You may perhaps be able to tell the two apart, and not just because “Triumph of the Will” is in black-and-white.

And that’s precisely the problem to Amanda Marcotte, who wants us all to know that the real fascist propaganda is actually cloying, sentimental movies.

The hook for Marcotte, of course, is the fact that the Hallmark Channel recently pulled a commercial featuring a lesbian couple getting married and kissing, then un-pulled it days later. In short, the network caved to two separate pitchfork-wielding outrage groups and ended up issuing a lot of boilerplate statements like how it has been “a progressive pioneer on television for decades” and is “committed to diversity and inclusion.”

“Which is, of course, laughable to anyone who has even glancing knowledge of the channel’s offerings,” Marcotte wrote. “Running down this year’s schedule of Christmas movie offerings is like a trip into an uncanny valley of shiny-teethed, blow-dried heteronormative whiteness, with only a few token movies with characters of color.
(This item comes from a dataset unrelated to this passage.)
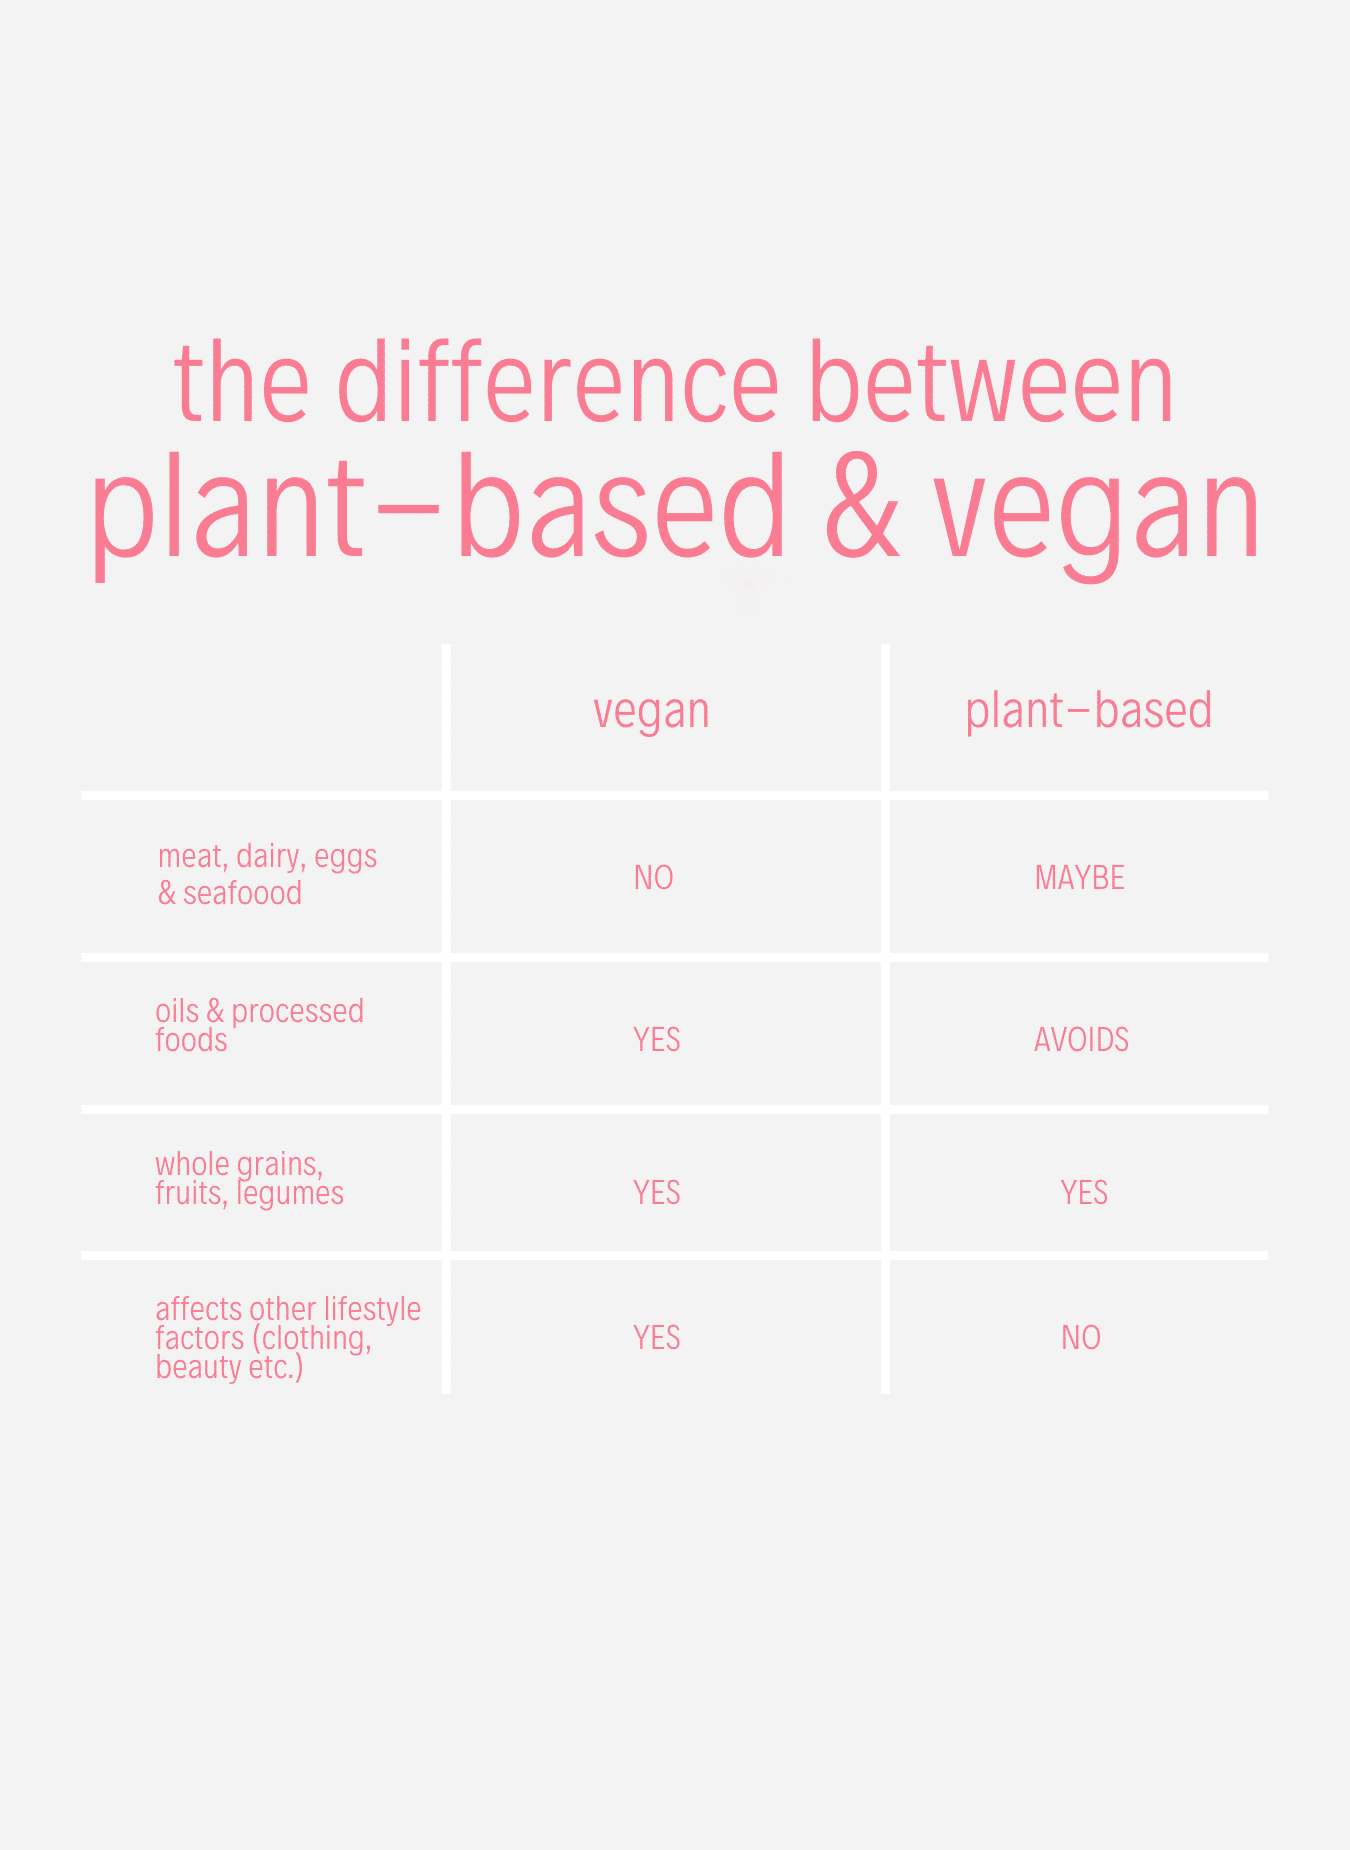 What's The Difference Between Plant Based and Vegan?

It’s like watching ‘The Stepford Wives,’ but scarier, since the evil plot to replace normal people with robots is never actually revealed.

“None of this should be a surprise, because Hallmark movies, as cloying and saccharine as they are, constitute the platonic ideal of fascist propaganda.”

Come again? Well, Marcotte backs up this rhetorical bomb by noting most of the films in Nazi Germany were different than you might think. I’m going to put some the text in bold in the next paragraph; see if you can notice why this is sort of important:

“That is probably a startling statement to some. When most of us think about fascistically propagandistic movies, we think of the grotesque grandeur of Leni Riefenstahl’s films celebrating the Third Reich — grand, but cold sweeping shots of soldiers goose-stepping and flags waving, all meant to inspire awe and terror. But the reality is, even in Nazi Germany, the majority of movies approved by the Nazi minister of propaganda, Joseph Goebbels, were escapist and feather-light, with a Hallmark movie-style emphasis on the importance of ‘normality.'”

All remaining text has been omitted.